Right click on Model databases to Import SBML file (.xml) or to Import spreadsheets (.xls), you can import a metabolic model in SBML/spreadsheet format as described in Metabolic Models.
You can directly edit/update the content of the imported model.
Right click on Reference databases to Import database (.xls), you can import a reference database provided in Reference Databases to construct your own reference database.
You can add the information about metabolites and reactions described in a model to the reference database by right clicking on the metabolic model to add rxn&met to the Ref. DB.
A draft reconstruction can be generated by mapping a blank reconstruction output by GBKParser, containing gene information only, to a reference reconstruction. You just simply right click on the blank reconstruction to Draft a reconstruction
Given a user-provided list of orthologous genes, GEMSiRV will extract from the reference model of the "orthologous reaction" (i.e. reactions that are catalyzed by the protein products of orthologous genes) that conform to the gene-protein-reaction (GPR) associations defined in the reference model.

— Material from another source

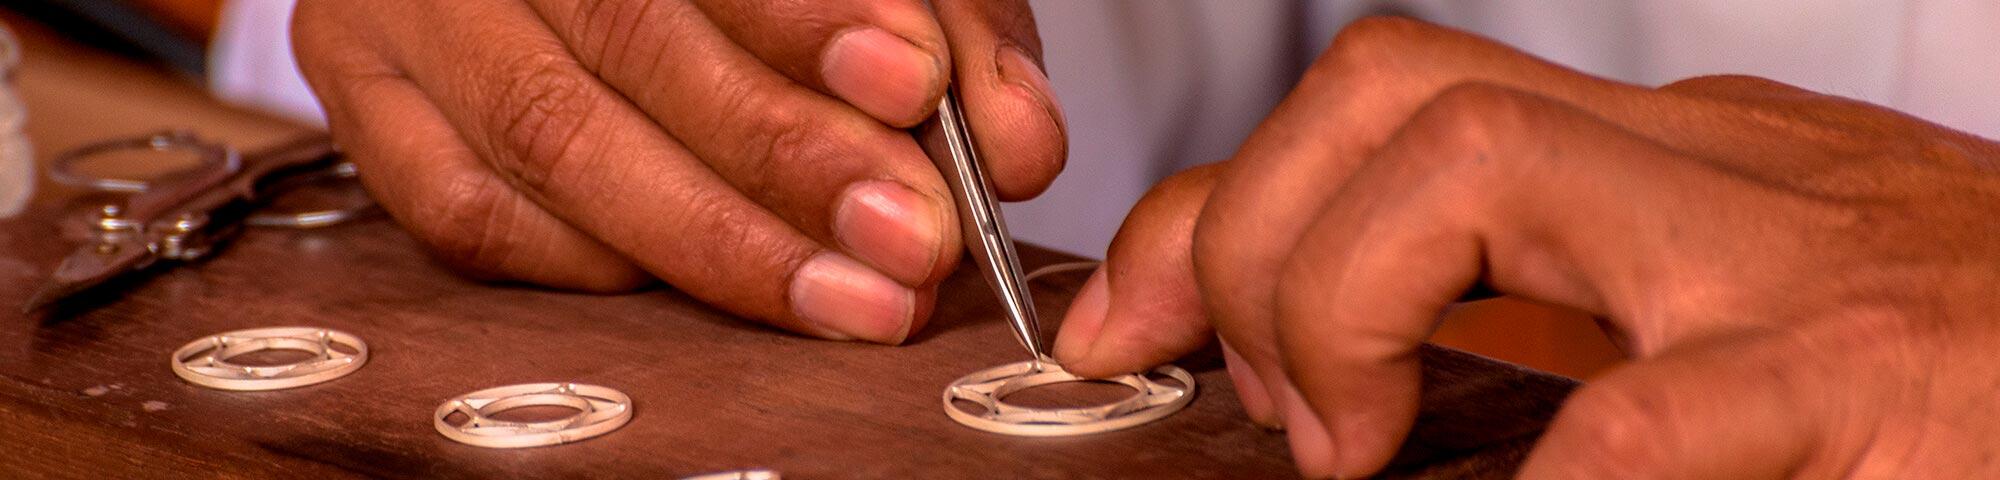 Localidad artesanal de Catacaos

You can right click on a model to Generate simulation tables, so that a mathematical model including a stoichiometric matrix which describes the connectivity feature of the network as well as default systems boundaries can be generated.

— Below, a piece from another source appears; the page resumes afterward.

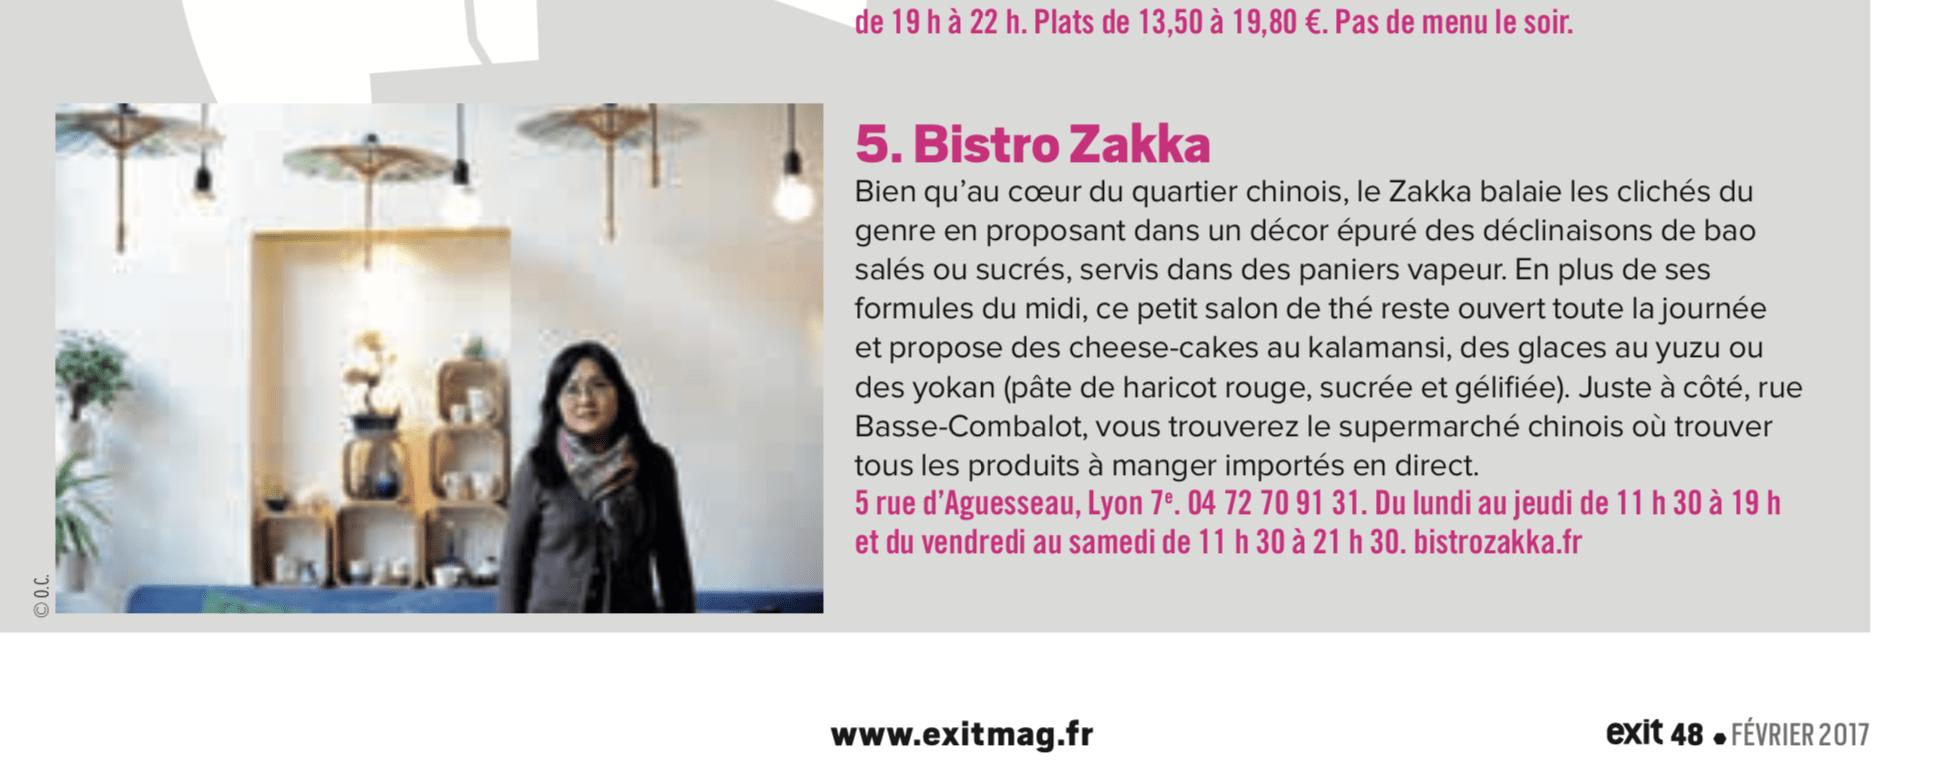 https://exitmag.fr

With the generated simulation tables, you can identify dead-end metabolites.
Then, you can right click on the model with simulation tables to Define environmental conditions, e.g. the complete medium to simulate all extracellular metabolites can enter/exit the cell freely (complete medium.TXT), and the in silico (computational) minimal media for the model E. coli textbook (M9 medium comp.TXT).
Click on Simulation in the menu bar to perform the analyses implemented in GEMSiRV including
Select a metabolic model and a map (if you have), GEMSiRV can identify dead-end metabolites and tag them with crosses in the map.

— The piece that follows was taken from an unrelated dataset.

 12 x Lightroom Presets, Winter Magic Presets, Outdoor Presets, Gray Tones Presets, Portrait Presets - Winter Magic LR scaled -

Select a metabolic model and a map (if you have) for objective optimization, the flux result can be visulized in the map.
Select a metabolic model and a map (if you have) for flux variability analysis, the min and max fluxes of reaction can be plotted in the map and the blocked reaction are tagged with crosses.
Select the reactions of interest in a model to see how sensitive the objective is to the particular reactions.
Select a metabolic model for essentiality analysis, the computational essential genes or reactions can be identified.
Select a metabolic model for gene deletion analysis, the gene-deletion model can be saved and imported for further evaluation.
Click on Visualization in the menu bar to open Maps wherein you can create metabolic maps.
Right click on Maps to Create new map. You can add maps, reactions, metaboltes and lines to create a map onto the main network view window.
Right click on Maps to Load KEGG maps by either Import KEGG map (.xml) or Retrieve KEGG map.
With two lists for metabolite and reaction mapping, you can right click on a map to Replace caption of nodes to convert the map to a customized map. KEGG to Model SEED and KEEG to MetaCyc mapping lists are provided here (met KEEGtoSEED.TXT, rxn KEGGtoSEED.TXT, met KEEGtoMetaCyc.TXT and rxn KEEGtoMetaCyc.TXT), but the mapping lists are not guaranteed to completely correct.
Right click on a map to Extract reaction information from a model and choose a model you want to extract information from. Then you can show the extra information of reaction in the map by right clicking a reaction to Show extra info..
Right click on a map to Load reaction fluxes, the reaction fluxes were be laid on the reactions in the map. A file containing flux simulations of aerobic and anaerobic conditions in the model of Out_textbook.xml is provided here (flux withorwithout o2.TXT).
Right click on a map to Load gene expressions, the gene expressions were be superimposed around the associated reactions in the map. An expression profiling of oxygen effects on E. coli is provided here (Expr o2 effect on Ecoli rep.TXT).